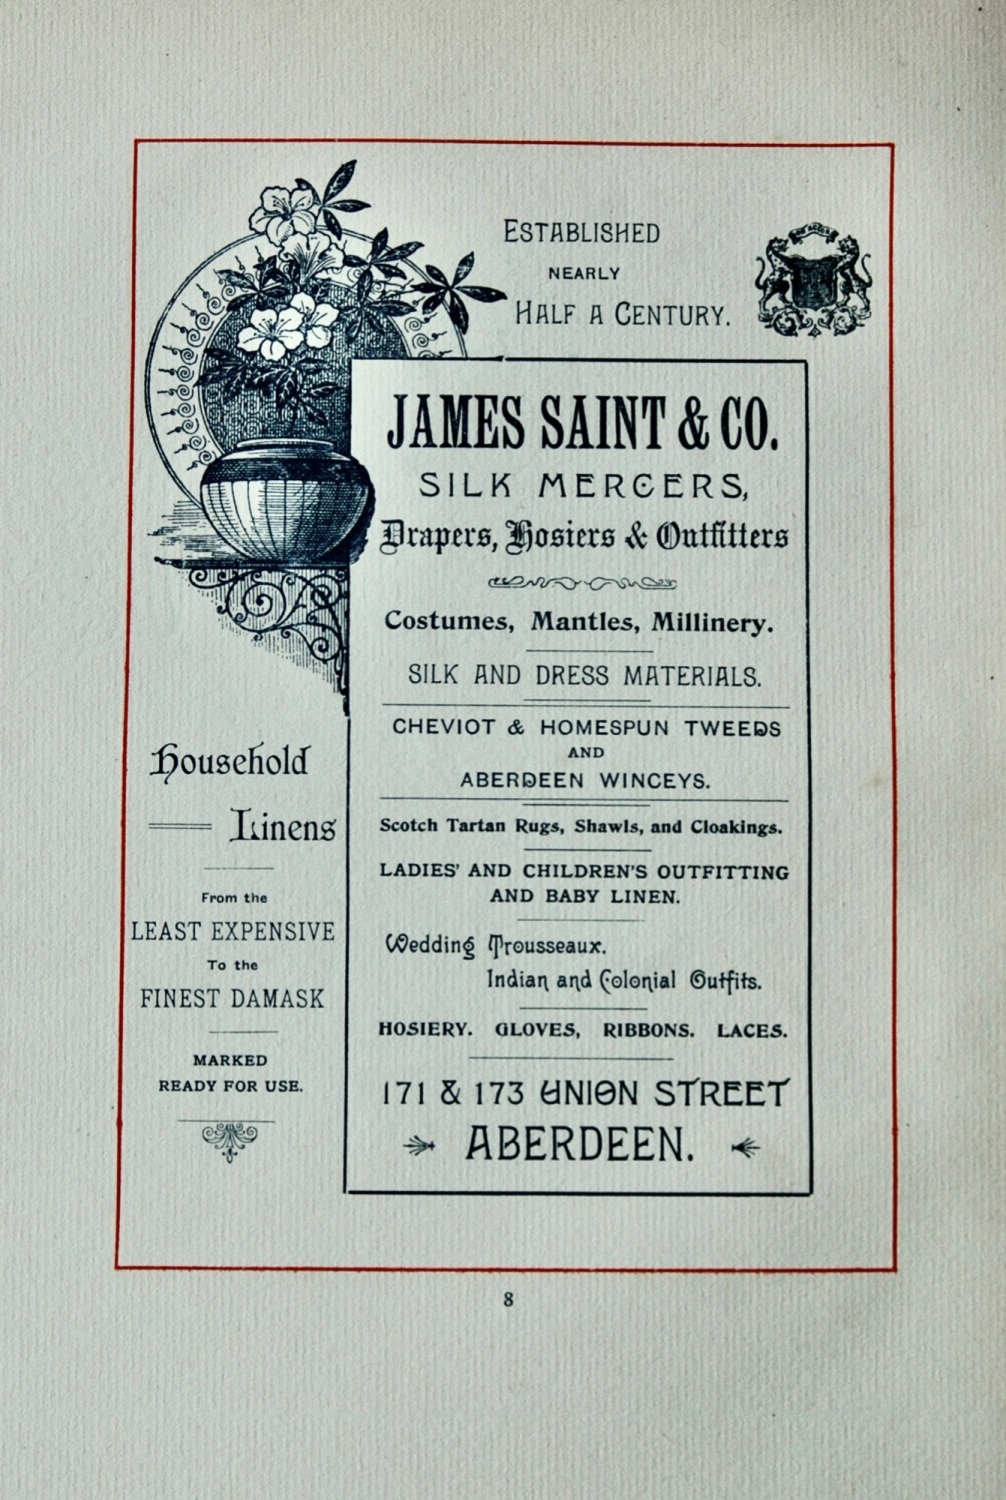 James Saint & Co.  Silk Mercers, Drapers, Hosiers & Outfitters.  171 & 173 
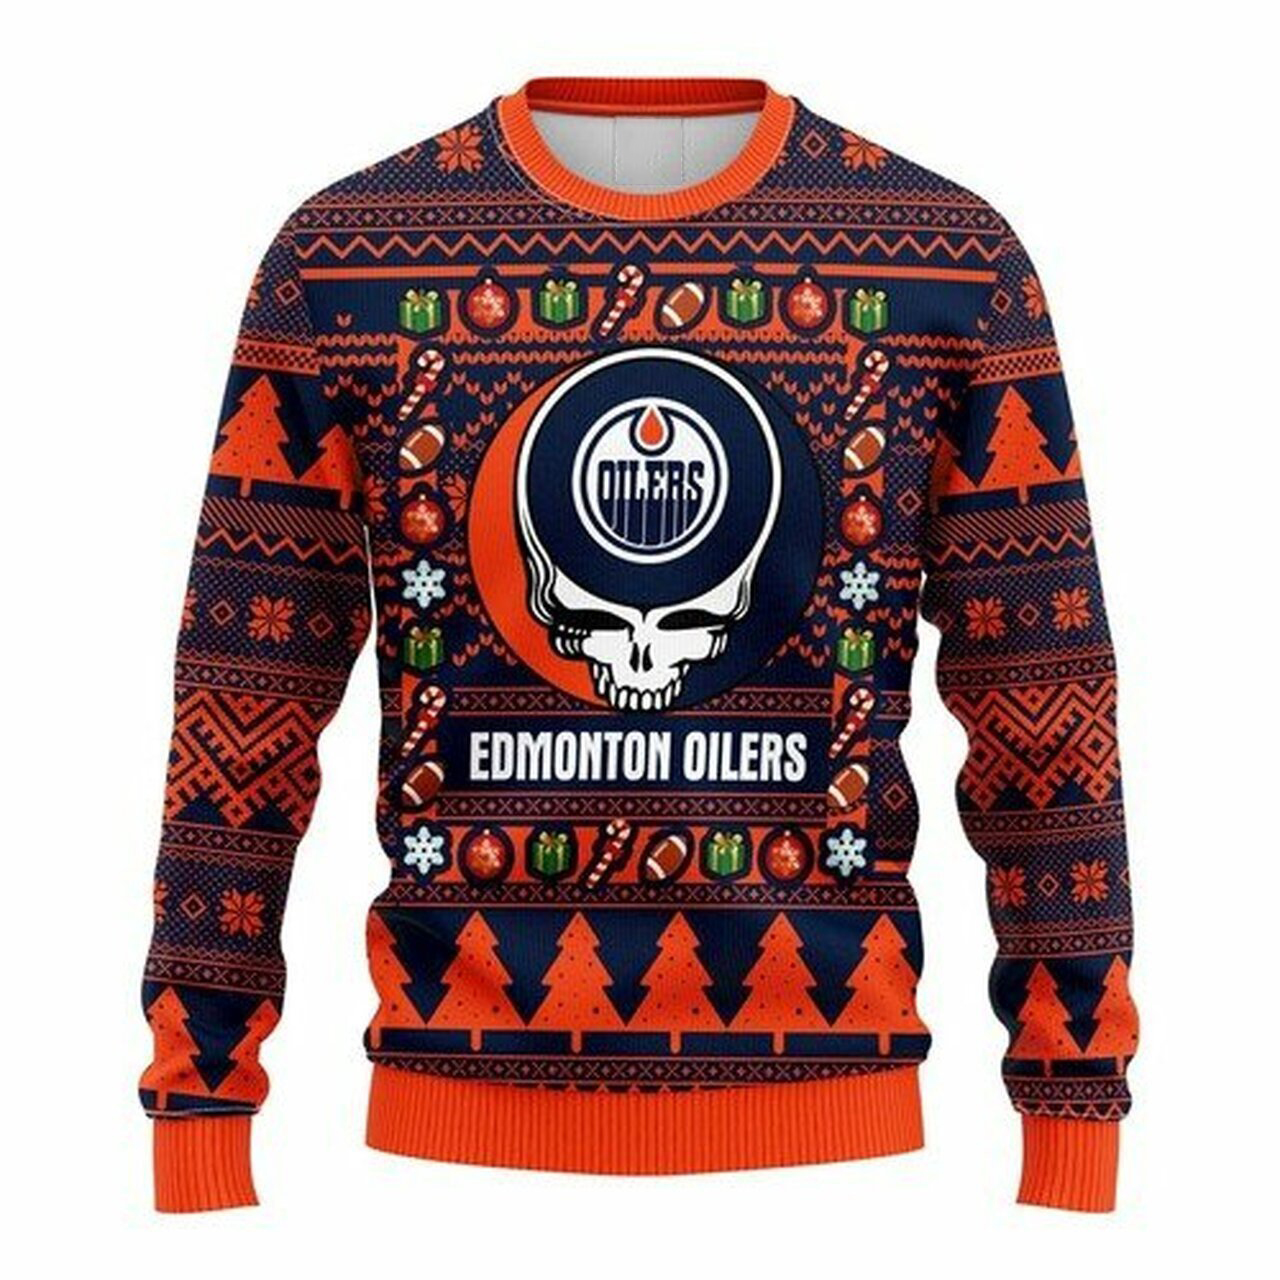 NHL Edmonton Oilers Grateful Dead ugly christmas sweater
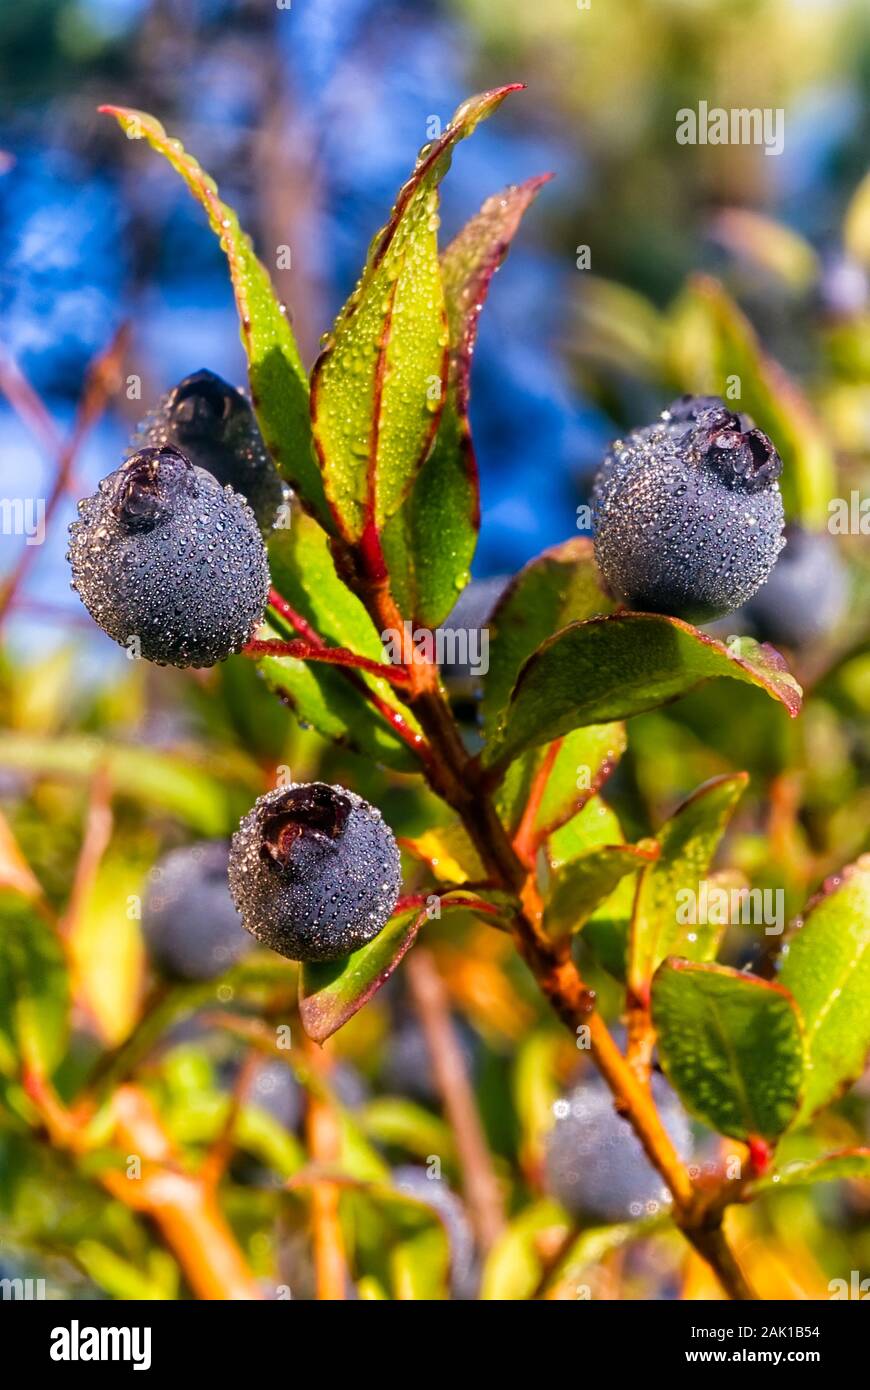 blue berries on myrtle branches, Myrtus communis Stock Photo
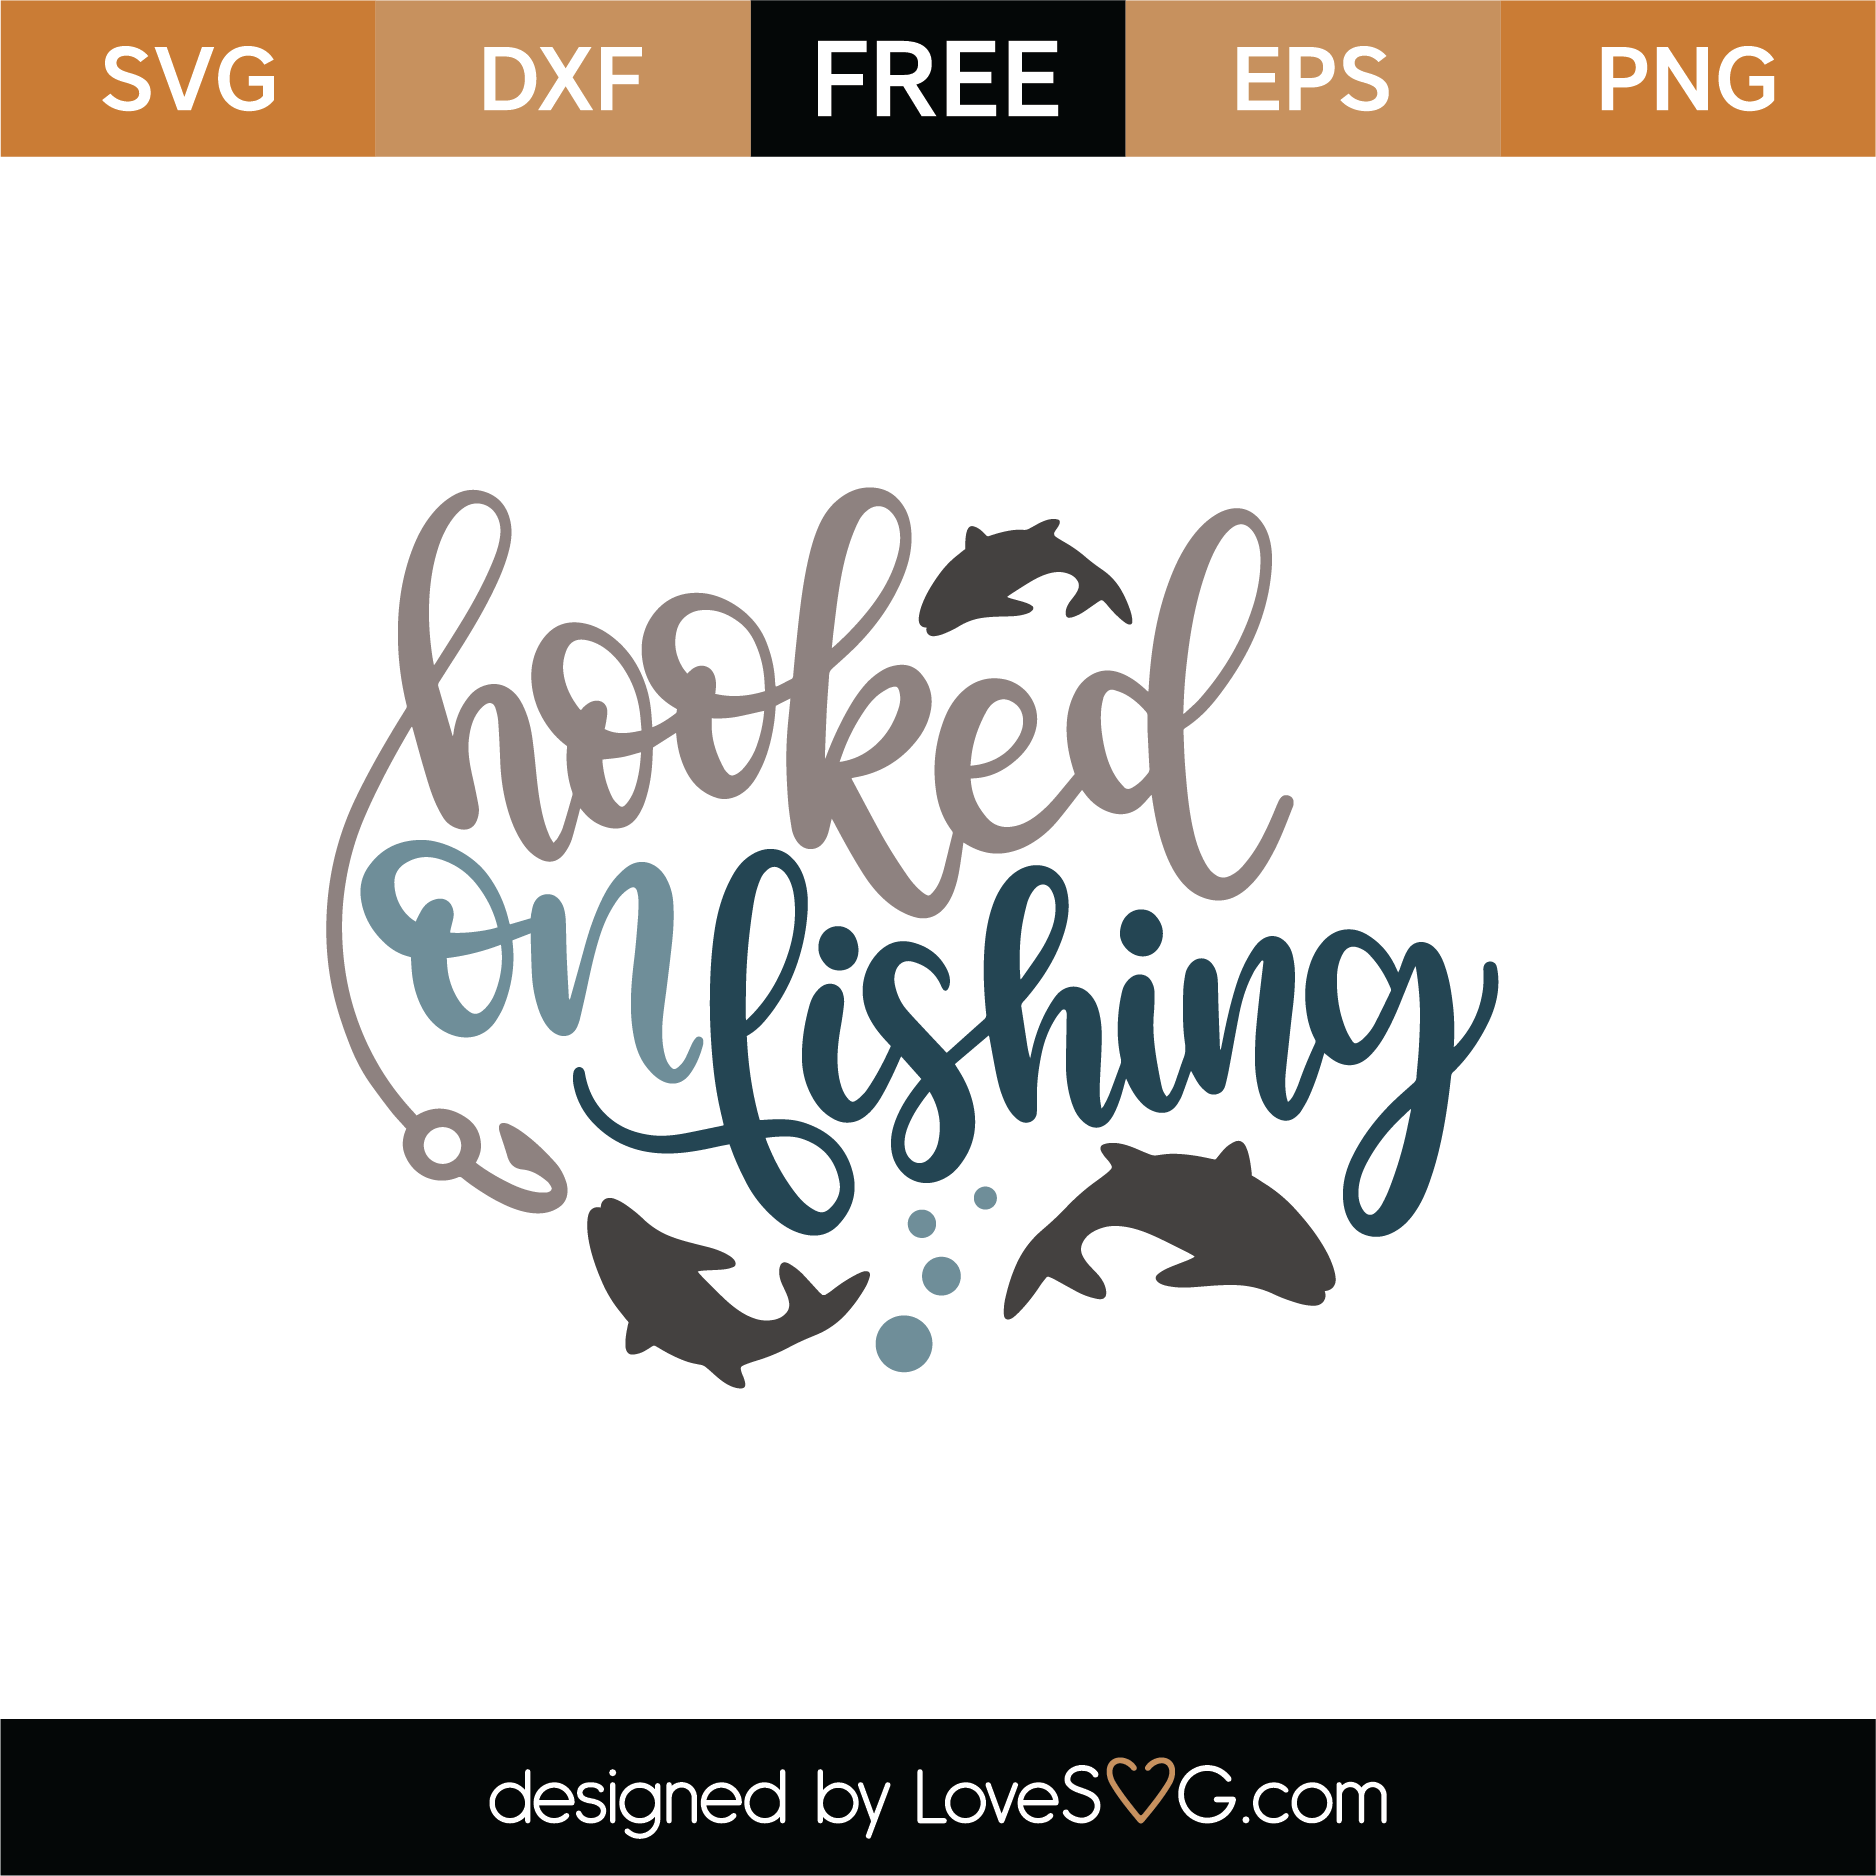 Free Hooked On Fishing SVG Cut File | Lovesvg.com

....

• **WHAT THE EXERCISE ASKS**
An exact reproduction of the lines from the line containing "NHL Edmonton Oilers" through the end of the listing above is needed; pictures stay out.

• **ANSWER FOR THE TASK**
 NHL Edmonton Oilers Grateful Dead ugly christmas sweater
 blue berries on myrtle branches, Myrtus communis Stock Photo
 Free Hooked On Fishing SVG Cut File | Lovesvg.com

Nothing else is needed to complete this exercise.